→ Task to carry out:
All of the data below should be repeated exactly. Pictures should not be included.

→ Given information:
● ● ●
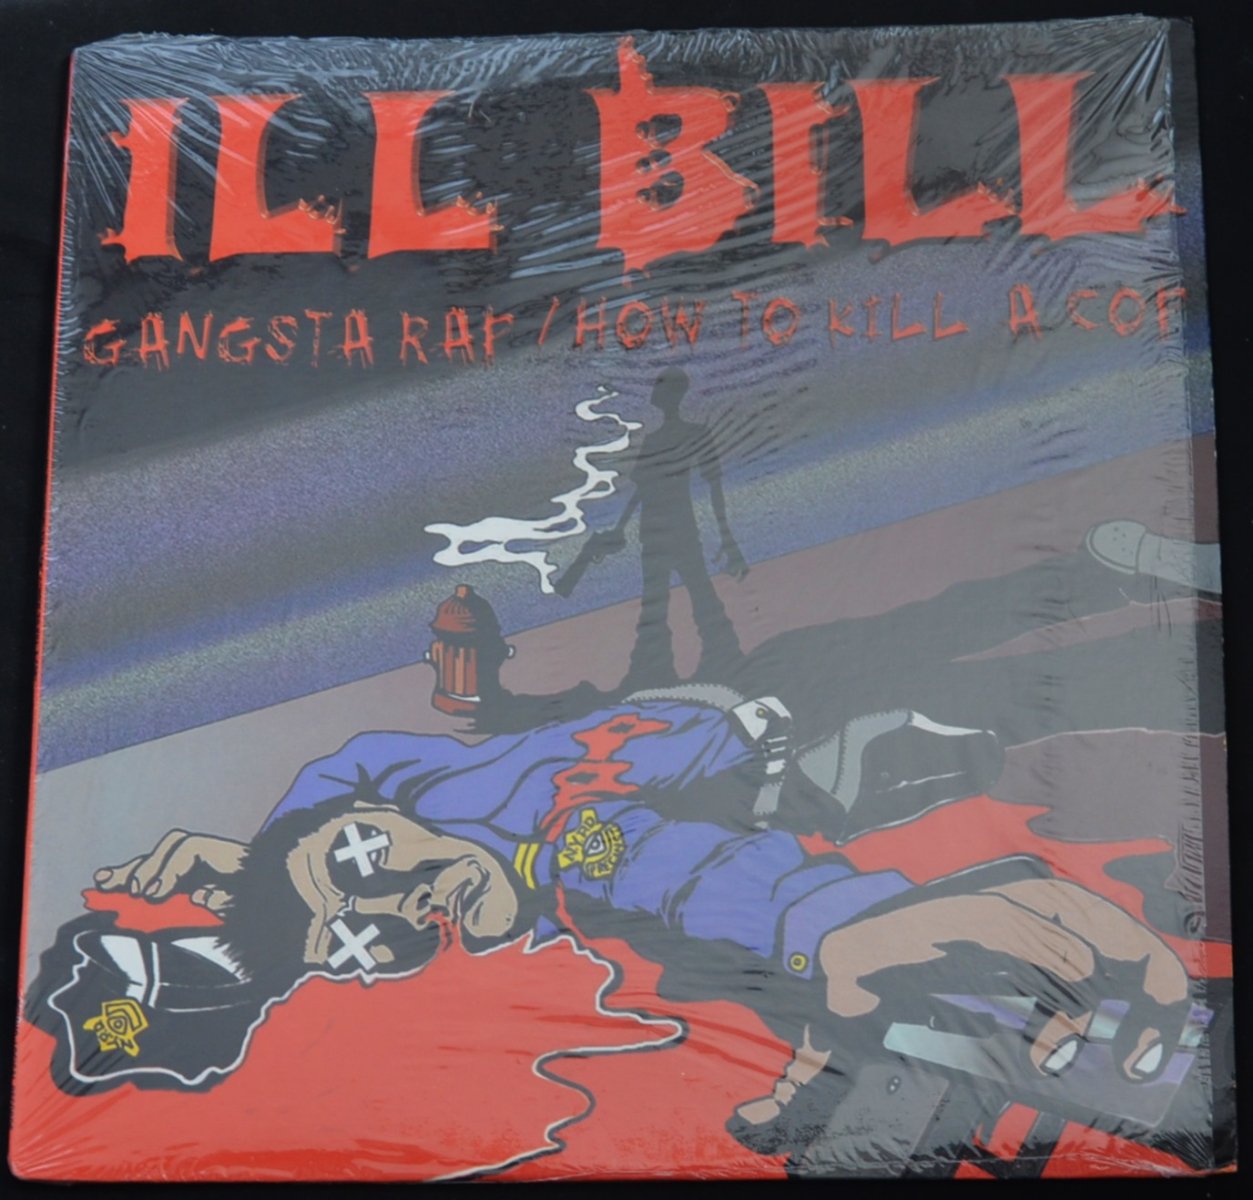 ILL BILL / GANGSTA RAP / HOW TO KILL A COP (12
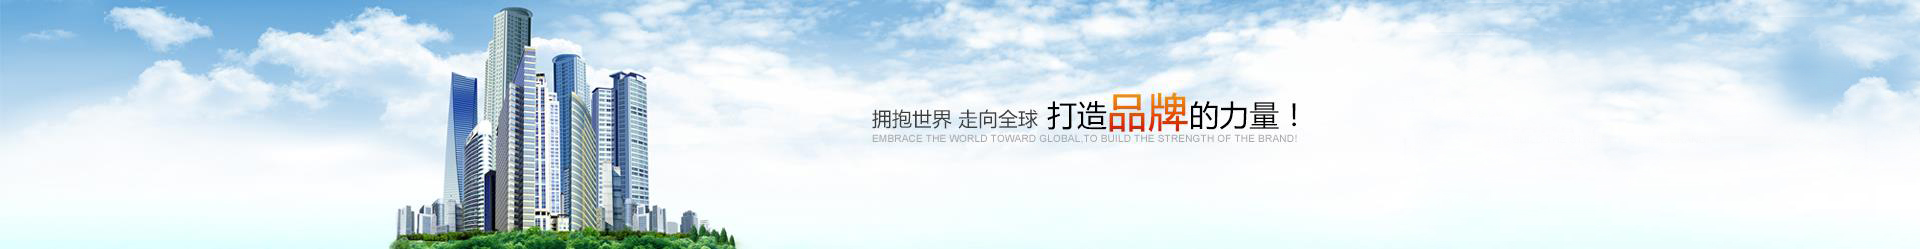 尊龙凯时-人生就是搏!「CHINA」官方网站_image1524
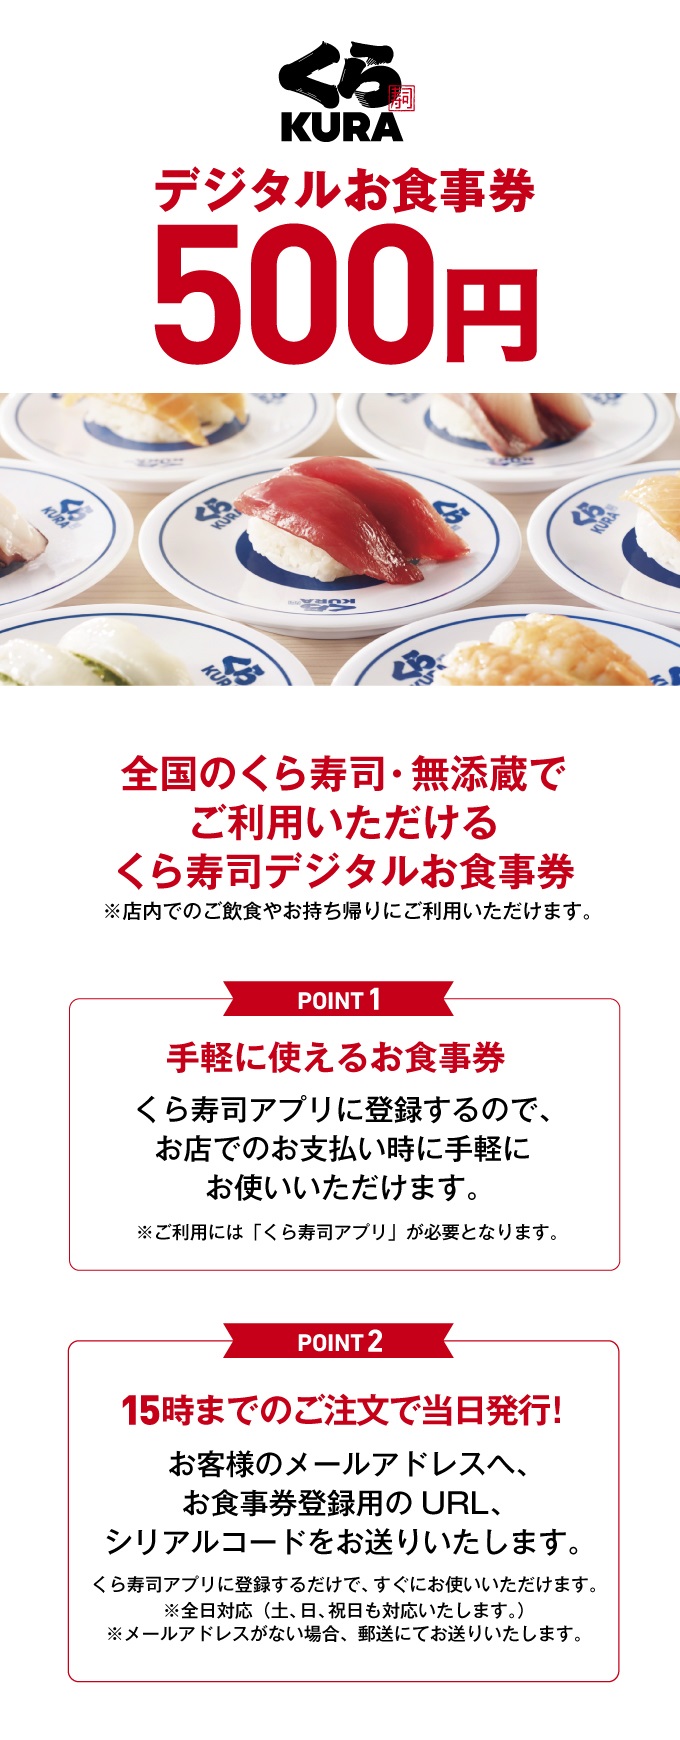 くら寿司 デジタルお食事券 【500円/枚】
● ● ●
→ Written answer:
 ILL BILL / GANGSTA RAP / HOW TO KILL A COP (12
 尊龙凯时-人生就是搏!「CHINA」官方网站_image1524
 くら寿司 デジタルお食事券 【500円/枚】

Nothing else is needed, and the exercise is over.